We had pre-booked our ferry and left Lubeck with time to spare - that was until the German Dept of stuffing up Highways intervened. Whole sections of the highway were closed down and turned the place into a carpark. Lane filtering is illegal in Germany but we 'bent' the rules along with a couple of Finnish bikers and a German local. Still missed our allotted ferry so had a short wait. The 45 minute crossing was smooth and then we were in Scandinavia. First impressions were of flat well kept rural lands, plenty of road bridges, different Architectural style of the farm buildings and all cars have their headlights on during the day (this is a law in Denmark and Norway). We proceeded onto Copenhagen and to our prebooked suburban B&B. The suburban shopping area was a sea of bicycles with double storied bicycle racks at the rail station. The rural tidiness we had first observed unfortunately did not carry over to the urban area with graffiti an ever present eyesore. There was also a general air of untidiness which really surprised us - we had expected Denmark to be as neat as a pin.

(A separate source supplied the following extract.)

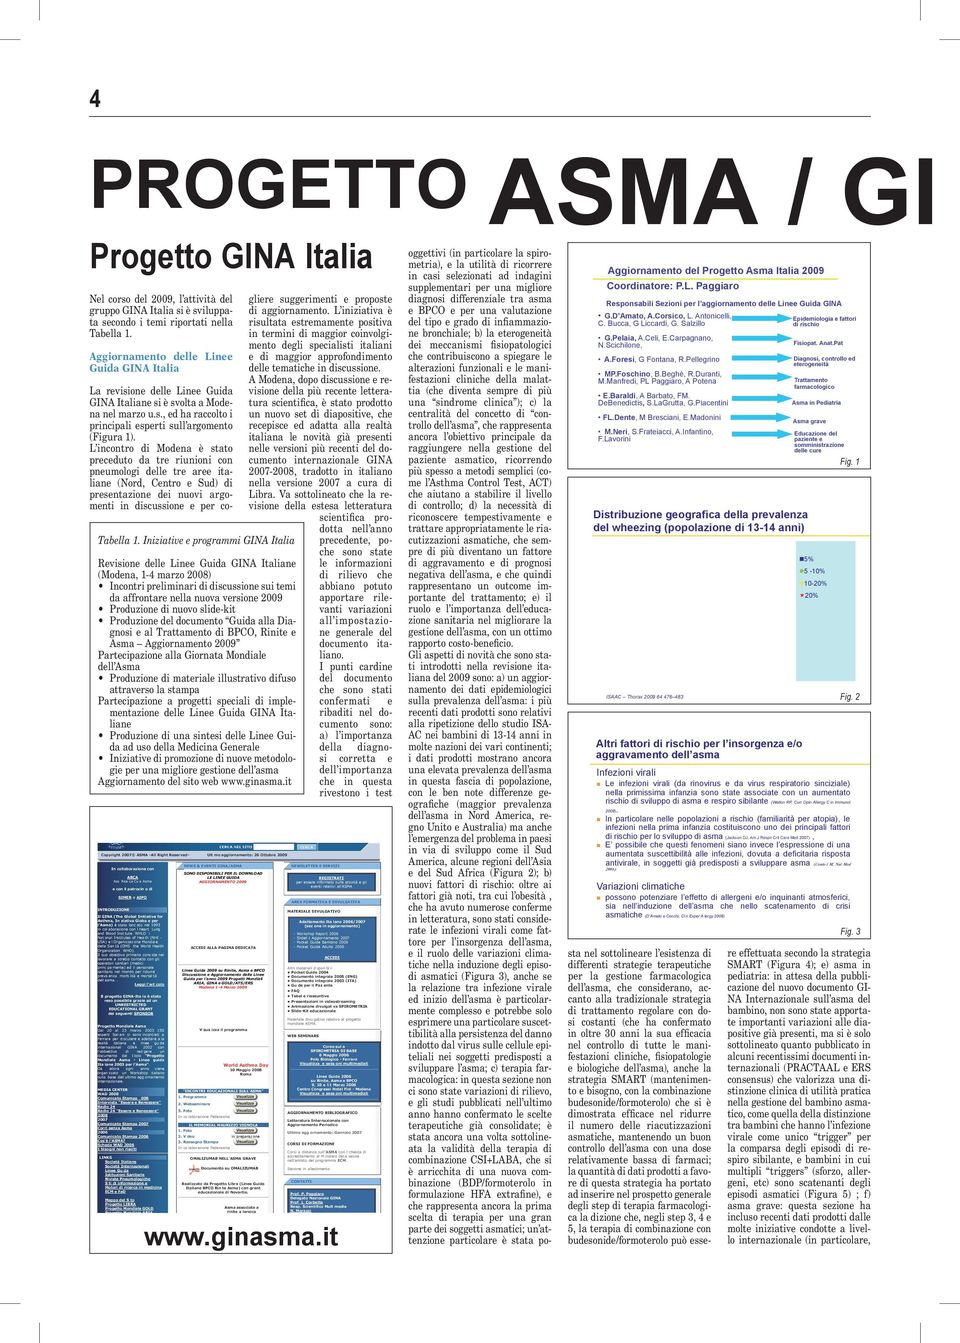 Iniziative e programmi GINA Italia Revisione delle Linee Guida GINA Italiane (Modena, 1-4 marzo 2008) Incontri preliminari di discussione sui temi da affrontare nella nuova versione 2009 Produzione
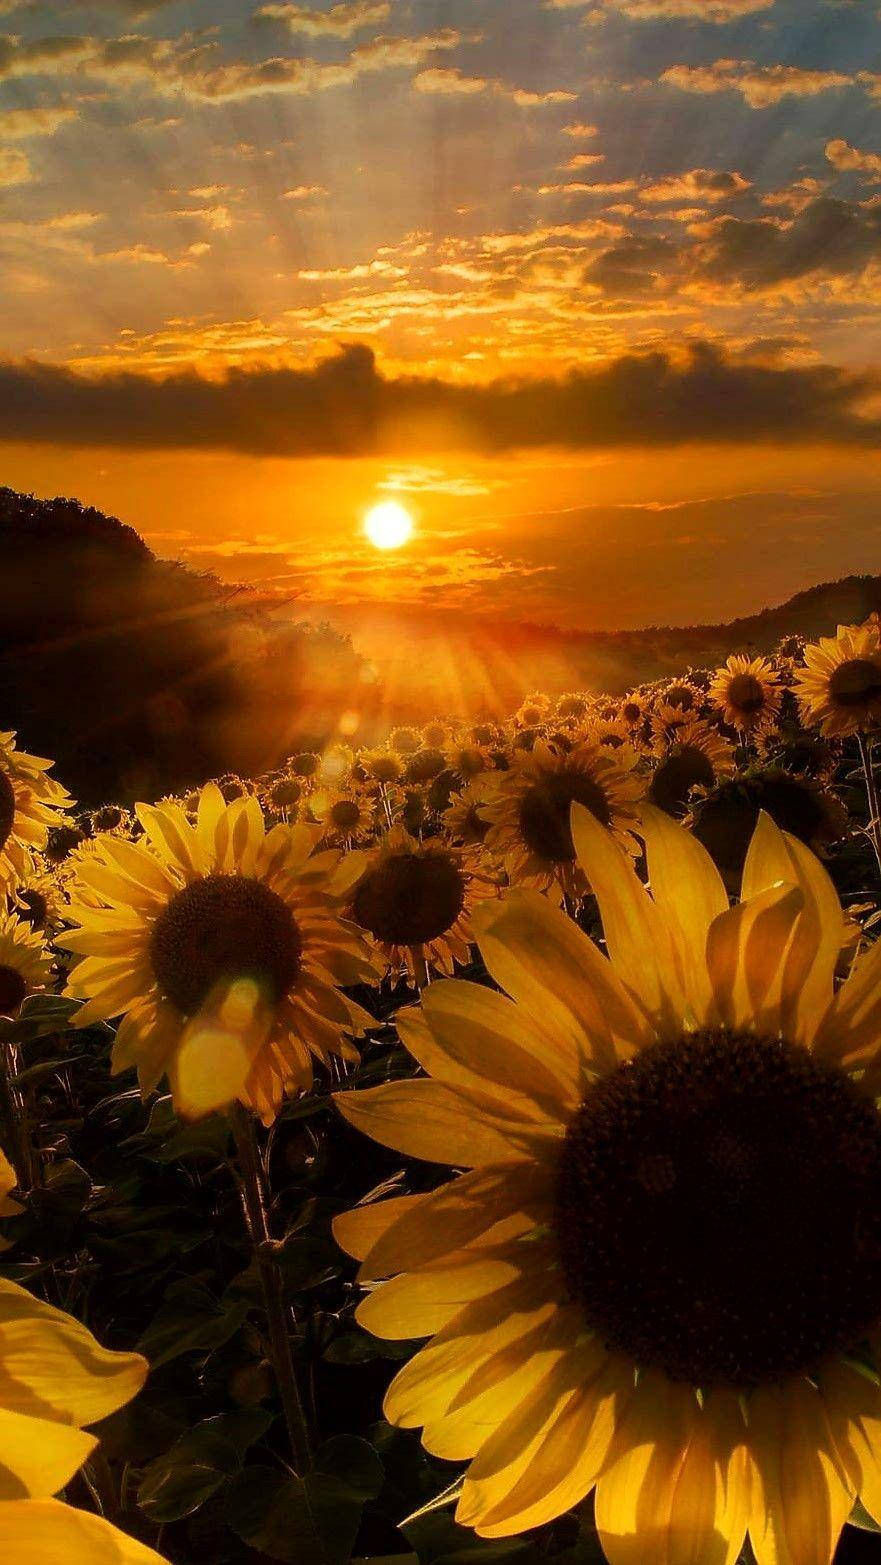 Gamber Sunflowers Under Sunset

Copenhagen itself has taken on the air of a construction site - apparently the Danes have decided they need a subway system and have been building one for the past decade with no end date in the foreseeable future. The locals have become conditioned to the disruptions and changes to bus routes etc. Whole sections of the city are 'under construction' and even in the most populous tourist areas dumpsters and demolition work compete with the retail sector. There are some lovely parts of the city - we watched the Changing of the Guard at the Amalienborg Castle and that was performed with the expected degree of pomp and ceremony. The Marble Church, the old wharf area (Nyhavn), new Opera House, Rosenberg Castle and Gardens and 'the Little Mermaid' are all noteworthy sites to visit. Also notable after so long in Europe is the increase in prices in Denmark and only to get worse in Norway. The home of Carlsberg and Tuborg has the most expensive beer we have encountered so far. Food, fuel, accommodation and public transport are all much more expensive than what we have left in Germany. We had a chance meeting with a local riding a Danish built Nimbus motorcycle from 1949. This in-line 4 cylinder military model with shaft drive and exposed overhead valves was as simple as a hammer and still giving reliable daily service to its owner.

We left Copenhagen late afternoon on the overnight ferry to Oslo. We had spent the day along the coastline north of the city where the Danes were enjoying the last days of their summer holidays in the sun and along the beach. It is a very relaxed area away from the bustle of the city.